We identified three controlled studies which had low methodological quality (Bowen 2001; Ozdemir 2001; Werner 1996).

Werner 1996 started off as a randomised trial, with a weighted 2:1 chance that participants would be allocated to active intervention (by picking a number of 666 or less from a sample of 1 to 1000); but after nine of the 16 original controls dropped out, trialists added five additional non‐randomised control participants.

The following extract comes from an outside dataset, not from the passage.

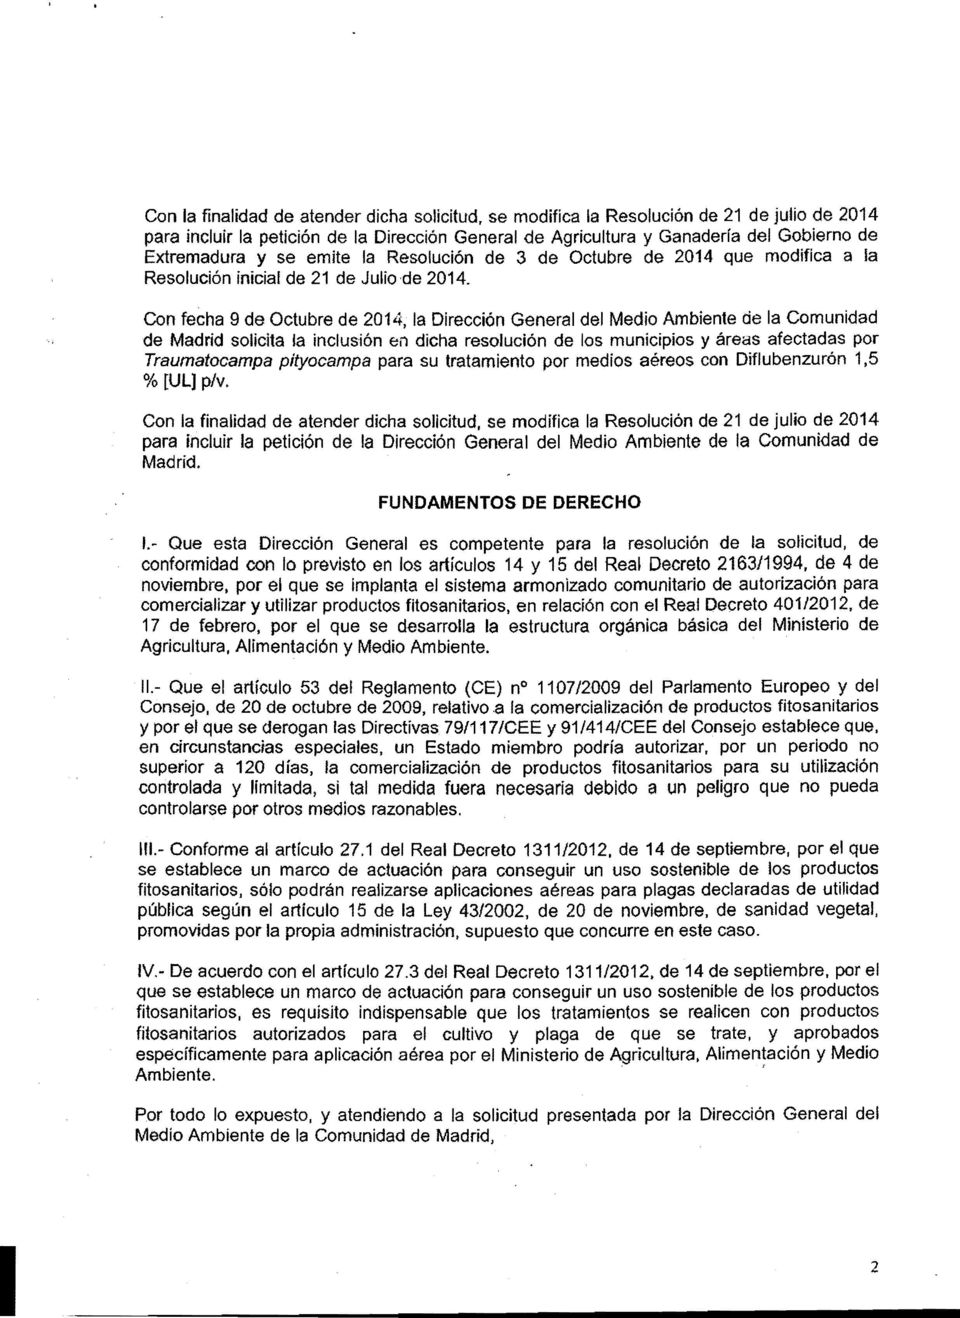 Con fecha 9 de Octubre de 2014, la Dirección General del Medio Ambiente de la Comunidad de Madrid solicita la inclusión en dicha resolución de los municipios y áreas afectadas por Traumatocampa

In addition, the trial report did not include measures of variability or point estimates.
Bowen 2001 and Ozdemir 2001 reported unblinded trials with only short‐term follow‐up.

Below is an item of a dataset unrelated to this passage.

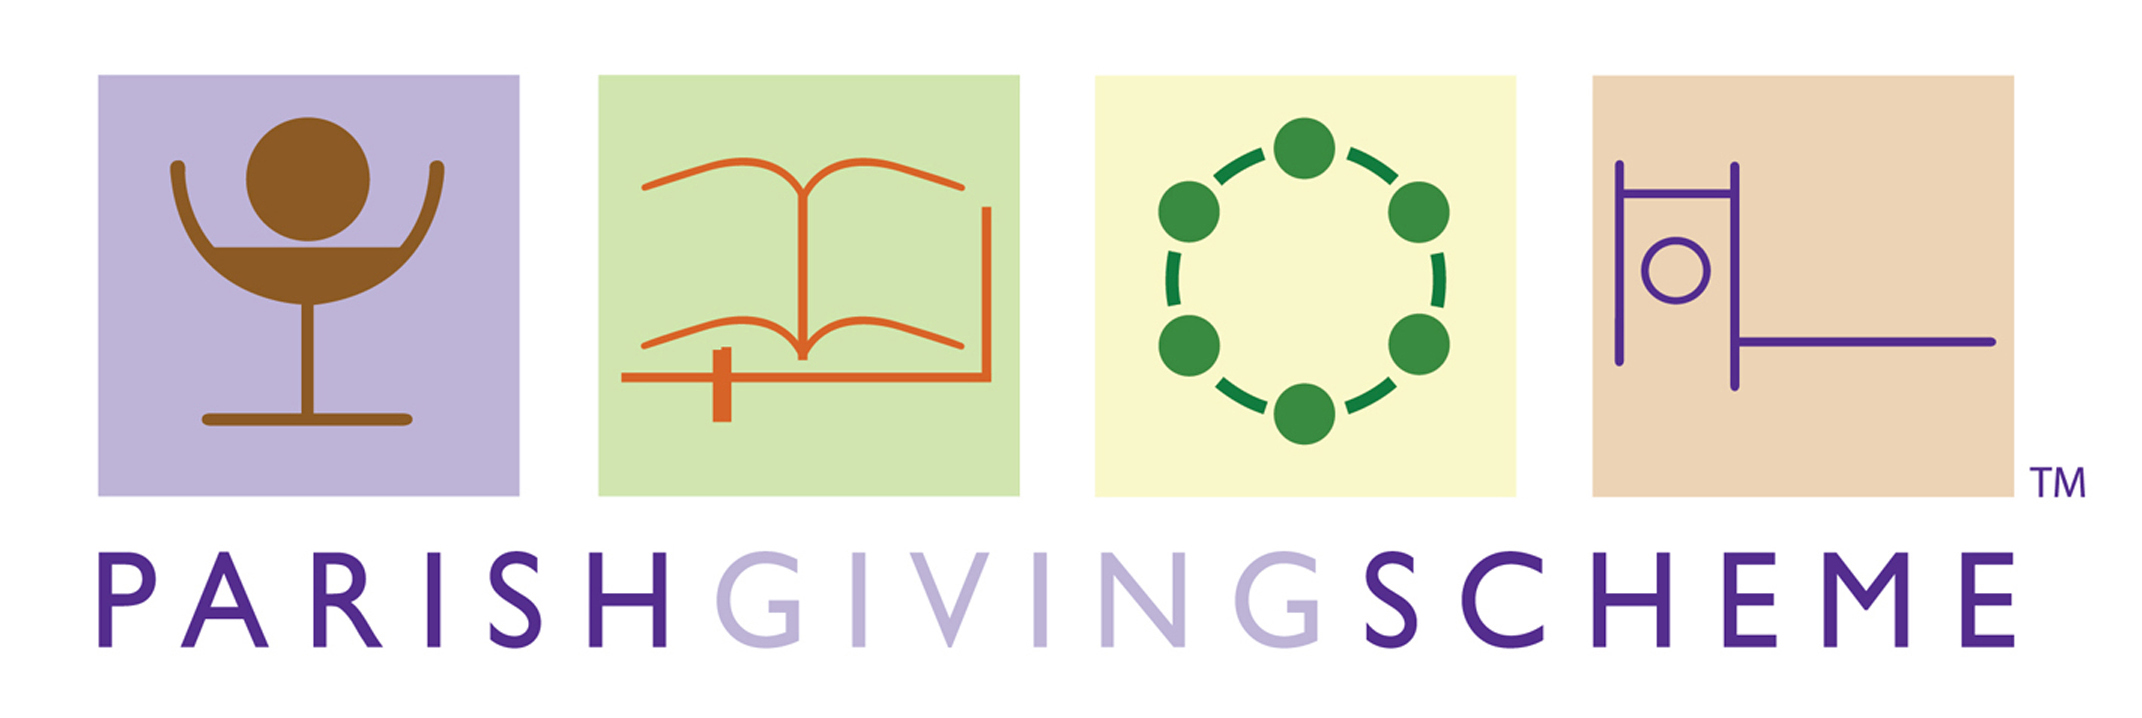 Parish Giving scheme logo

The two remaining low‐scoring trials had a haphazard allocation procedure.

Andelic 2012 involved patients with severe traumatic brain injury. Treatment allocation was dependent on availability of beds on the rehabilitation unit.
Semlyen 1998 was a controlled study in which patients were admitted to a specialist multi‐disciplinary (MD) rehabilitation programme or were passed back to their standard local services (LS), depending on geography and the availability of a vacancy in the specialist programme. Although an element of chance was present in this allocation, patients with the most severe brain injuries, whose needs could not be met by their local services, in fact had no alternative option and remained on the acute ward for longer periods until a specialist bed became available. Therefore, the multi‐disciplinary rehabilitation group was significantly more disabled to start with, and participants were in hospital longer than the group referred to local services. This paper illustrates some of the important practical and methodological issues considered in the Discussion.

We also assessed included studies for methodological quality against the Cochrane risk of bias tool (Higgins 2011), and our summary of judgements can be seen in Figure 2 and Figure 3. As expected, there was a broad relationship between risk of bias and trial quality as rated by the van Tulder 2003 method, but not a close one. This is because van Tulder 2003 system includes a wider range of quality criteria, including reporting, duration of follow‐up and co‐interventions, which are important in the context of rehabilitation.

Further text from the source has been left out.